Mohamed and Omar Soliman, founders of Couryah!
Canadians were seemingly forced to change many of their habits as a result of the pandemic, but shopping online for groceries instead of in-store seems to be the one change Canadians will continue to do willingly, according to a new survey by Maru Group.
The Maru Feel, Behave, Think Tracking Survey, commissioned in July by PayPal, shows 72 per cent of Canadian respondents love being able to shop online for their groceries with 38 per cent saying they like being able to order their groceries online before picking it up in store.
“I can’t see myself going back to the grocery store on a weekly basis the way I used to before the pandemic,” said Dharmini Dharmalingam, a 62-year-old woman from Toronto. “We started shopping online for groceries because of COVID-19 but it’s become so convenient, especially because I don’t have a car and I help take care of my granddaughter all day.”
Dharmalingam said she counts on grocery delivery not just for food but for other essential items such as diapers, shampoo, allergy medicine and even a weight scale when hers broke down. The survey suggests she’s not alone. More than six in 10 Canadians surveyed said they are open to their grocery stores delivering more than groceries, including things like cosmetics, baby food, household items, and other items.
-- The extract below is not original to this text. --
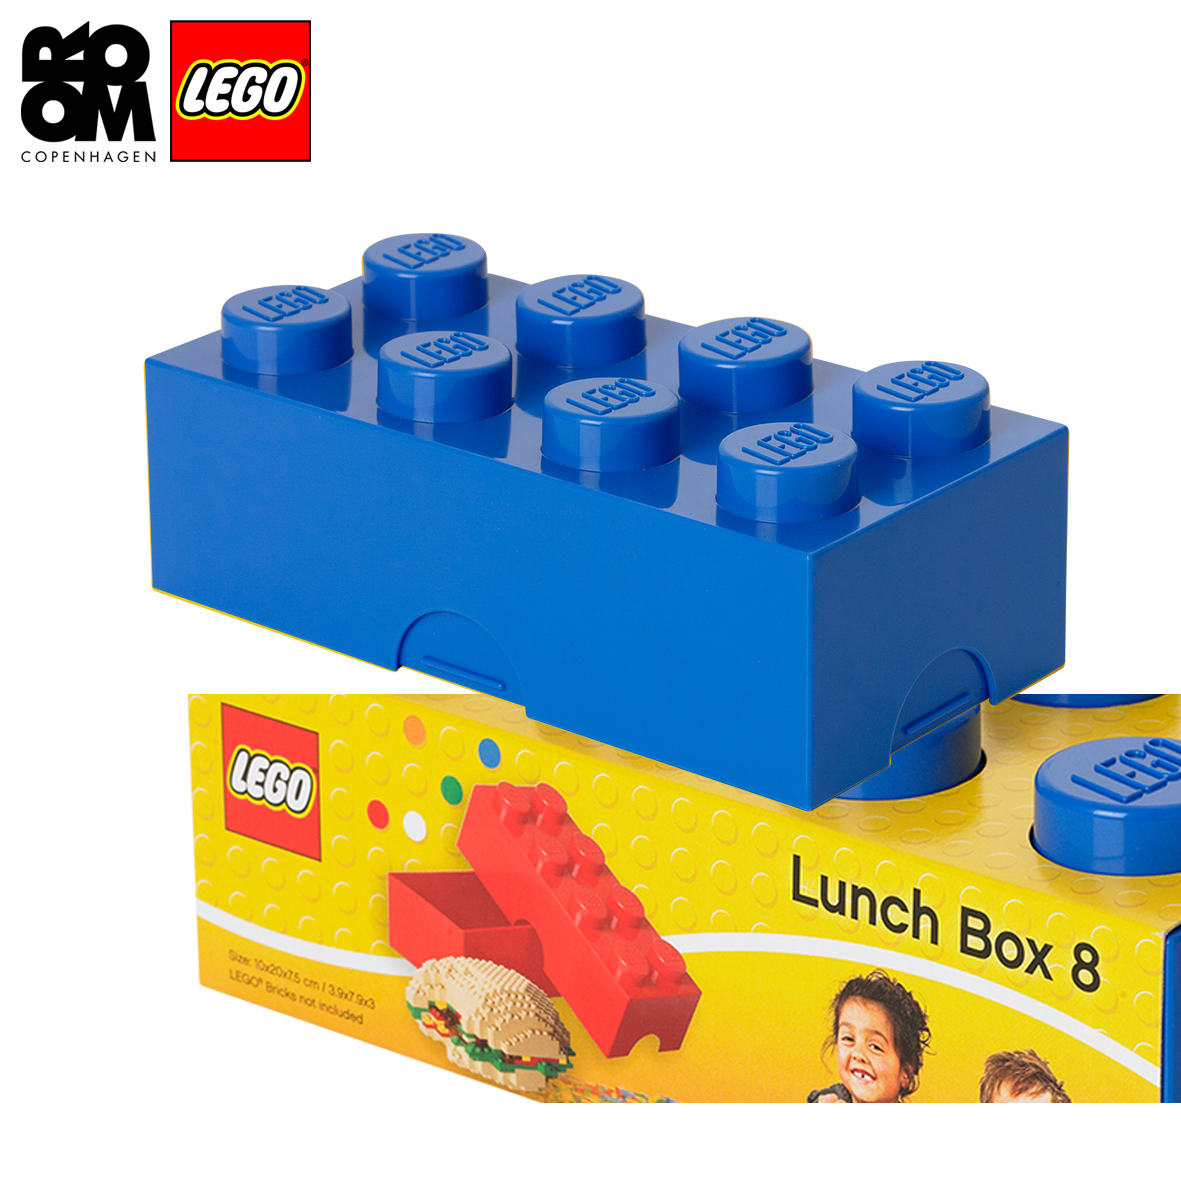 XL Lego Lunchbox, oder Etui etc, Blau - Znünibox (Brotdose, Aufbewahrungsbox), Room Copenhagen (4BA)
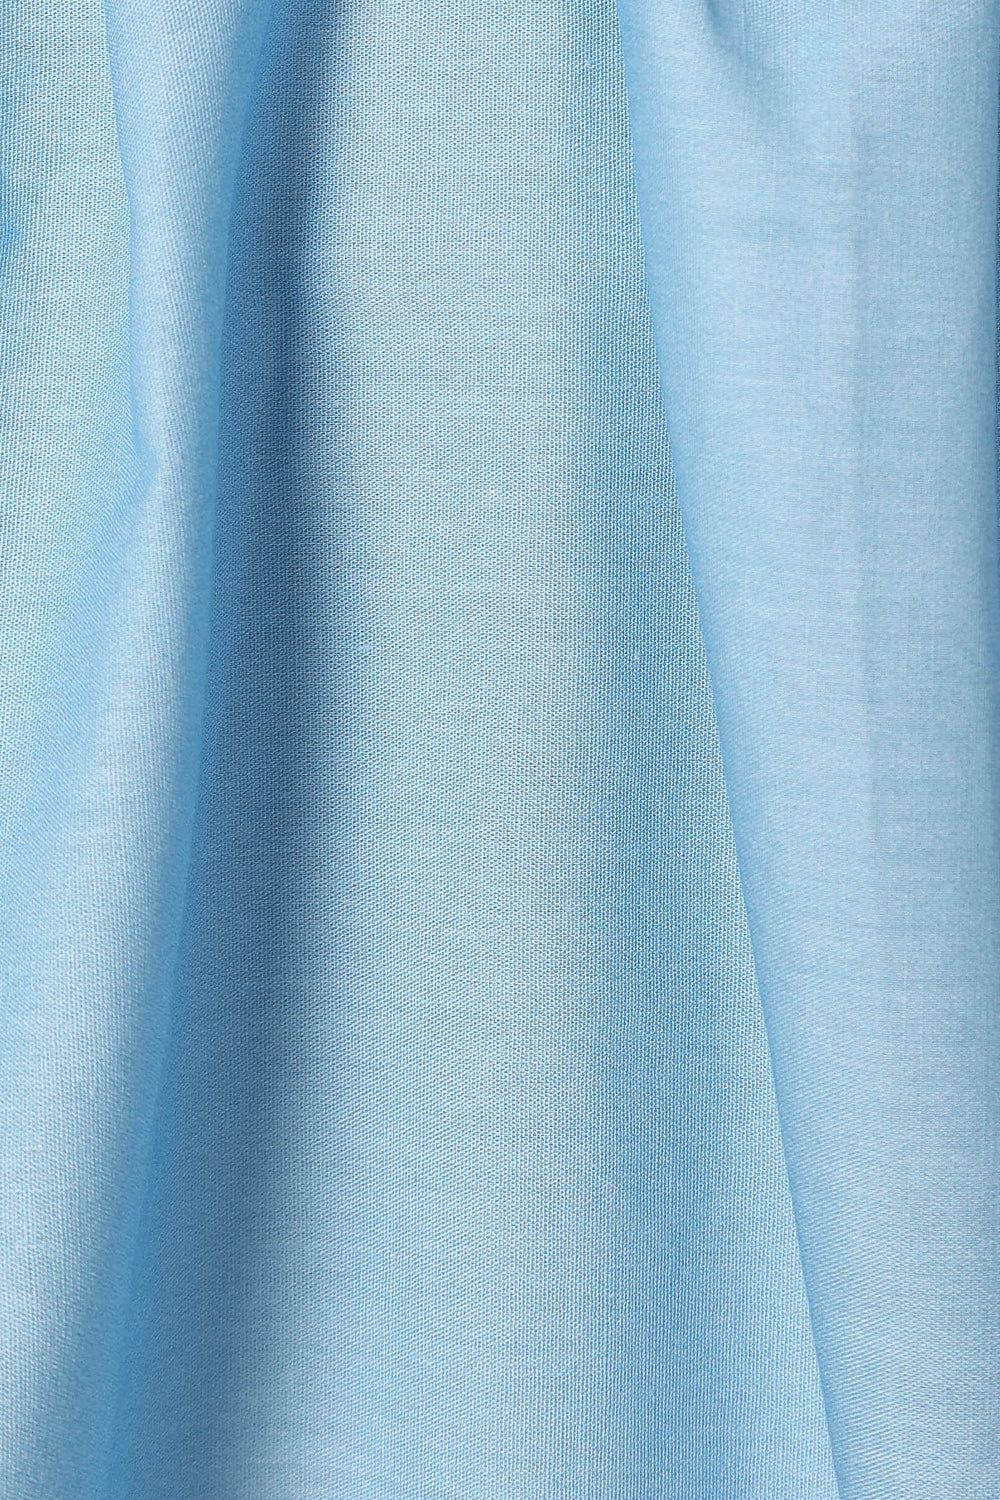 DRESSES Natalia Midi Dress - Blue Gradient

“I used to think having your groceries delivered was an unnecessary expense, but the value comes in the time and hassle you save yourself. It’s worth every penny,” said Dharmalingam.
The survey shows shopping online for groceries is popular across many lifestyles. Among the populations most taking advantage of this trend are those between the ages of 18 and 34 years old (77 per cent), those earning an annual income of $50,000 or more (65 per cent) as well as single Canadians. Mike Monty, director of enterprise sales at PayPal Canada, said he has seen a surge of interest from grocery brands that have made moves to offer customers an online ordering experience that includes either a delivery service or a pick-up option. Some grocery brands have partnered with companies that offer customers a one-stop shop delivery service from a variety of grocery stores, restaurants, pharmacies and retailers.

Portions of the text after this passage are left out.